My TUI command centre, which wasn't necessary
This worked pretty well. Over 213 experiments, the agent found 33 tweaks that led to a lower MSE, with several of those leading to substantial improvements:

Best objective versus experiment number, with some notable changes highlighted
The improvements are noticeable in the visualisations, with the final benchmark producing a sharper reconstruction versus the baseline:

Top left, ground truth; bottom left, naive reconstruction; top middle, baseline aligned recon; bottom middle, final aligned recon; top and bottom right, respective difference versus GT
Could I have found these myself, with fewer experiments? Maybe, but it would have taken much longer, and I have better things to do. This is, and should be, the place where AI is introduced to scientific workflows.

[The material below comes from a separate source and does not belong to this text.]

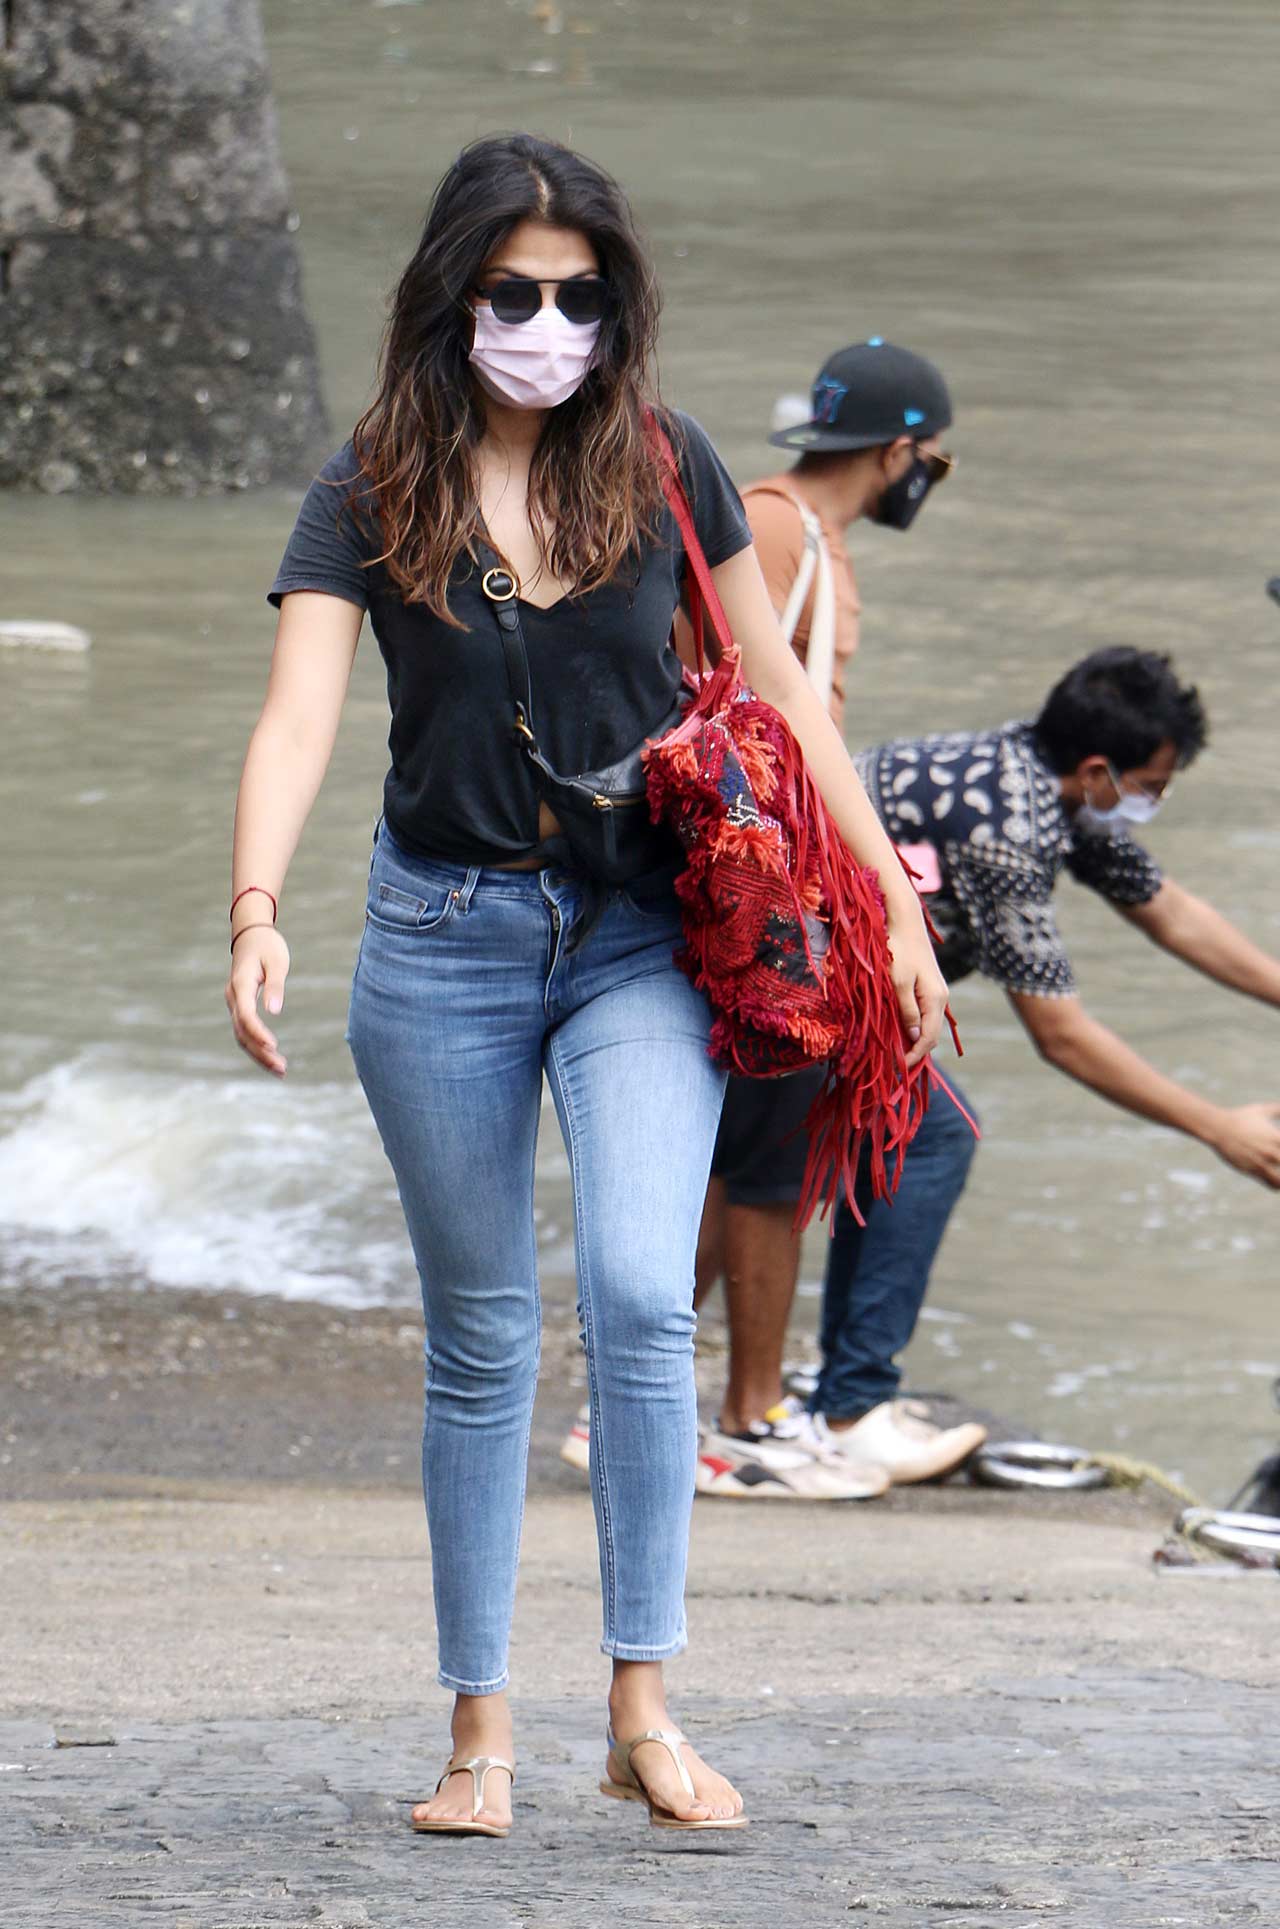 Rhea Chakraborty was spotted at the Gateway of India in a causal avatar. She could be seen donning a black top and blue jeans. Her next release as an actor is Chehre, which stars Amitabh Bachchan and Emraan Hashmi. The actress was last seen in 2018’s Jalebi. 
 

The hours tweaking scripts, or wrangling data, or figuring out why the latest version of a library broke your workflow, are not where the science happens. Time spent there is time not spent designing experiments, interpreting results, or writing up; as these tools improve, clinging to manual workflows will only slow you down increasingly so. Learning to use them to their fullest extent is not just sensible, it’s necessary.
Next, I’ll try optimising something that’s perhaps more important: speed. For a large tomogram, TomoJAX can still take many hours. This reduces its usefulness at a synchrotron beamline, where beamtimes can produce tomograms every few minutes and users want to see data and steer experiments as they work, not several hours or days later.
Science has always been bottlenecked by time, a problem compounded by the sheer volume of data produced every day. AI won’t replace the question-asking (yet), but it can certainly make the question-answering a lot faster.